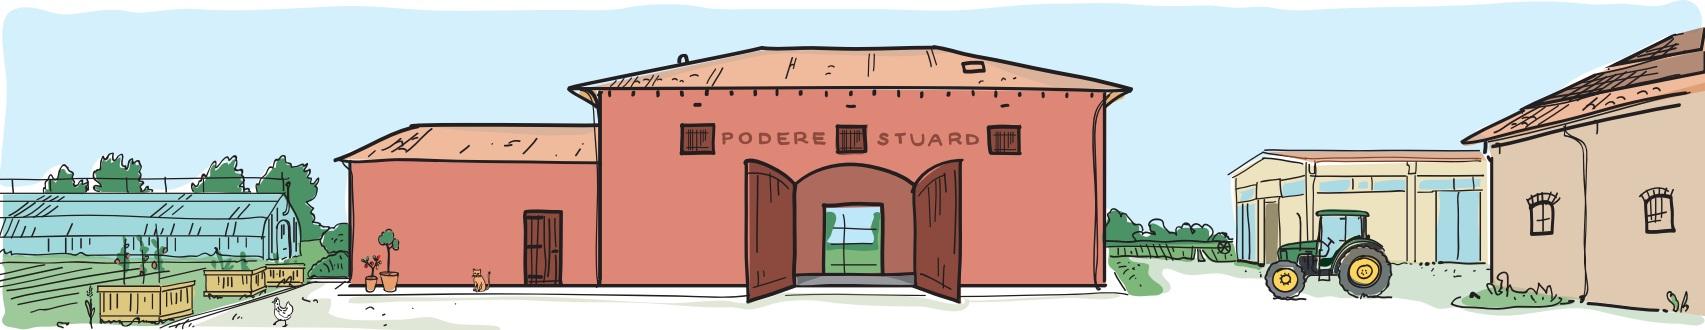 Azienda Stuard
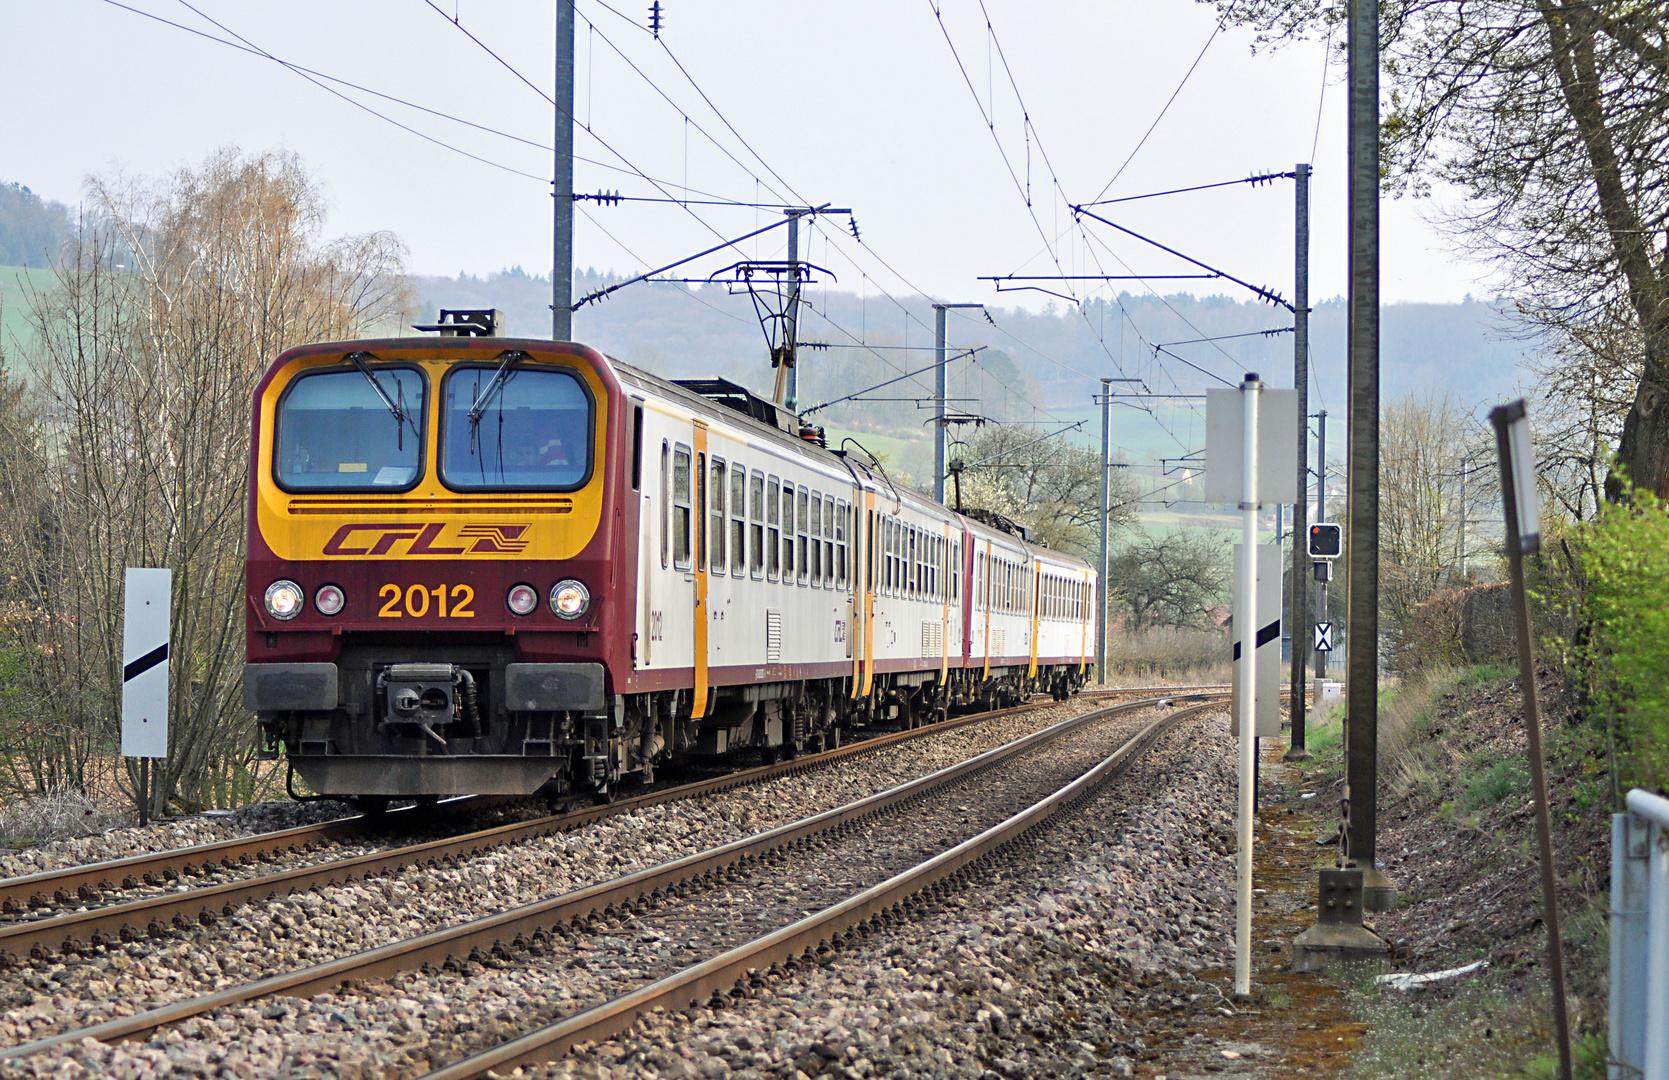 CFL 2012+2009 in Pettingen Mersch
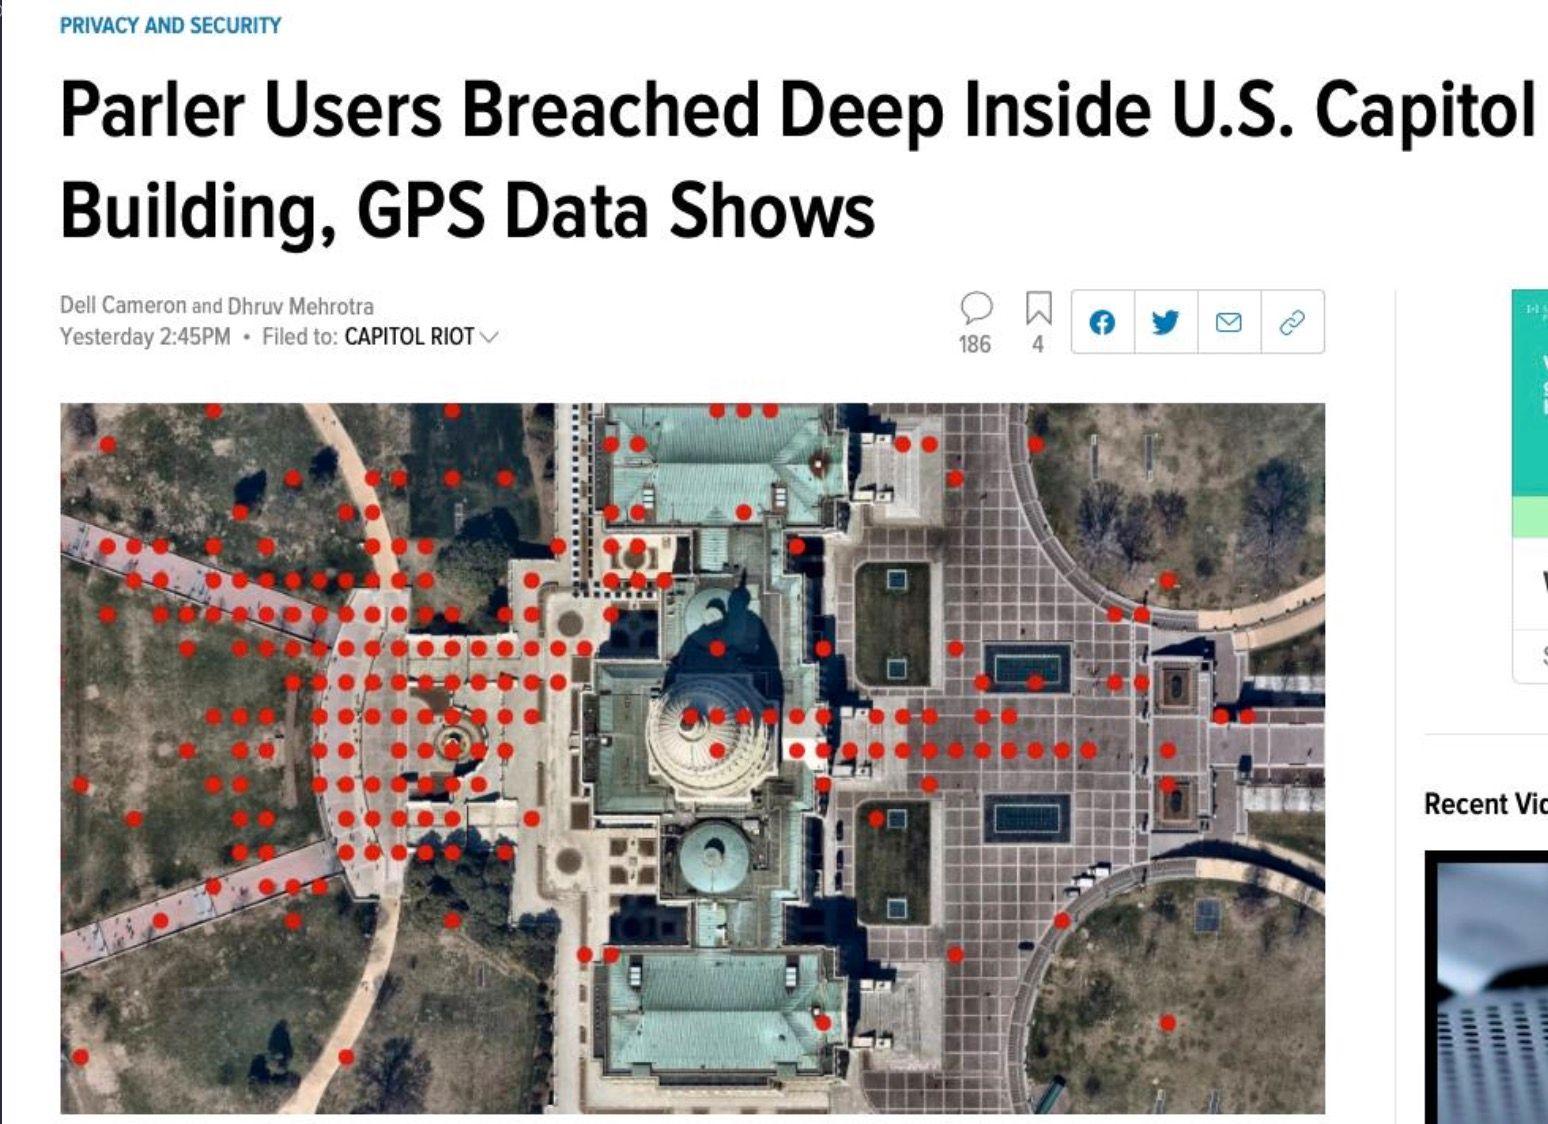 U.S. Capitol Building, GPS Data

* * *

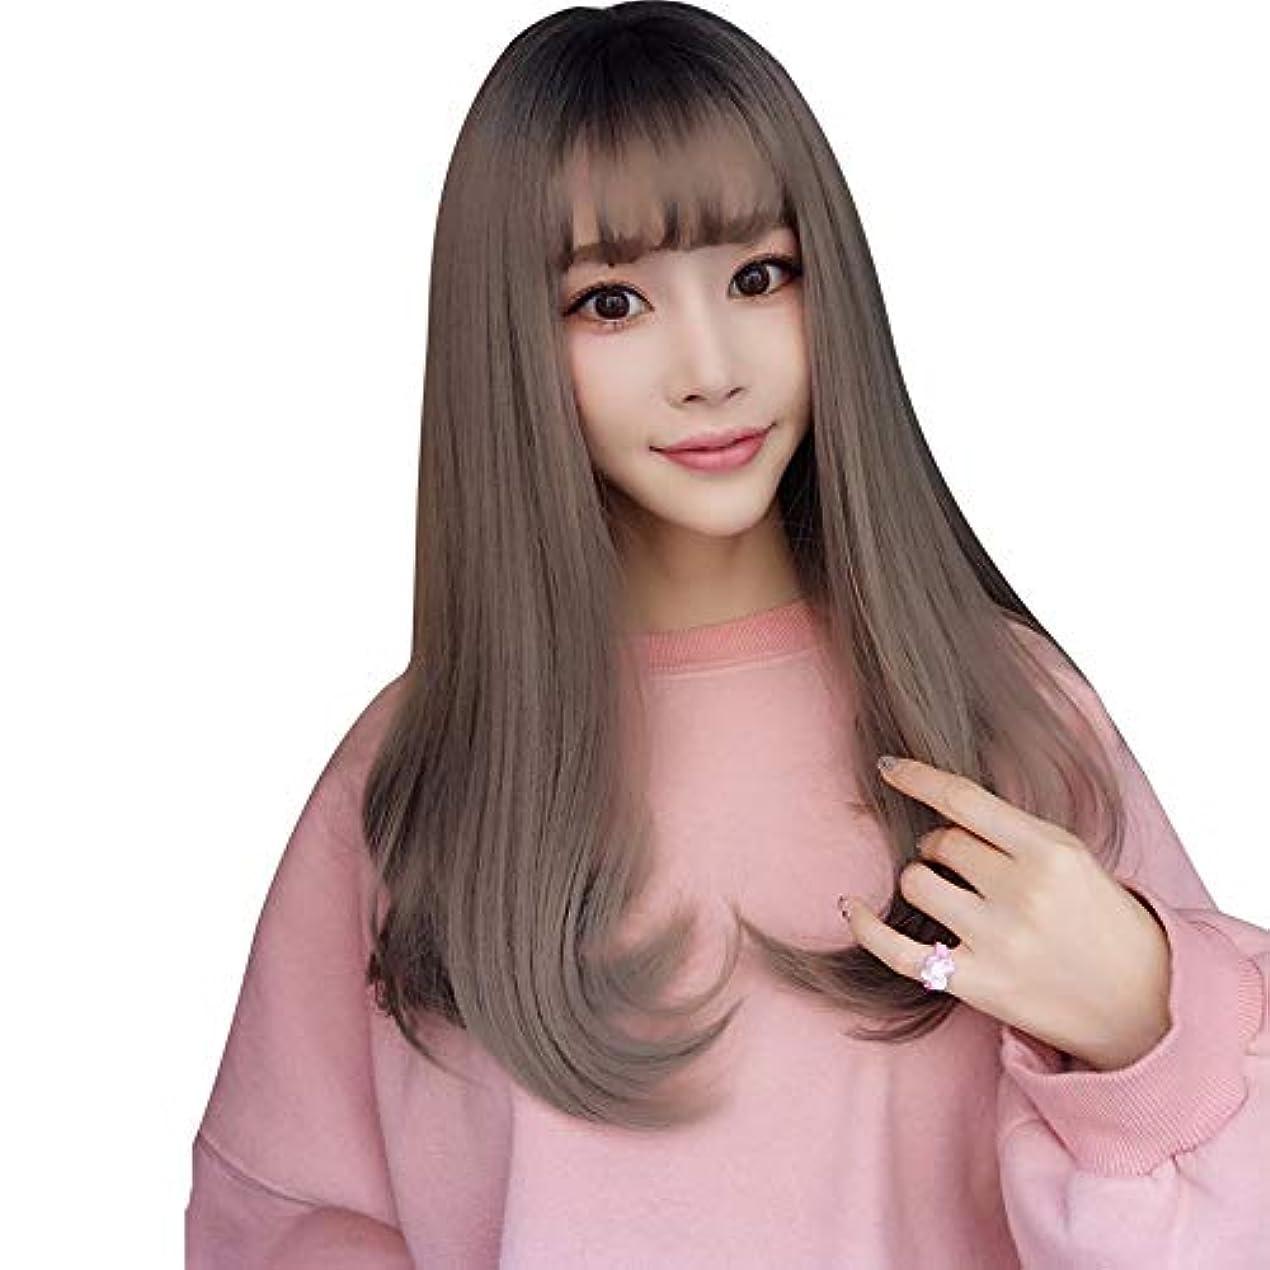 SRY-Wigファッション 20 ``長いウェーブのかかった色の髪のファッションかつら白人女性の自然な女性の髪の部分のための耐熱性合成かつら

## INSTRUCTIONS TO FOLLOW
The answer is the lines above from the one with "Azienda Stuard" to the one with "U.S. Capitol Building, GPS Data", set down exactly, with no pictures.

## PROBLEM SOLUTION
 Azienda Stuard
 CFL 2012+2009 in Pettingen Mersch
 U.S. Capitol Building, GPS Data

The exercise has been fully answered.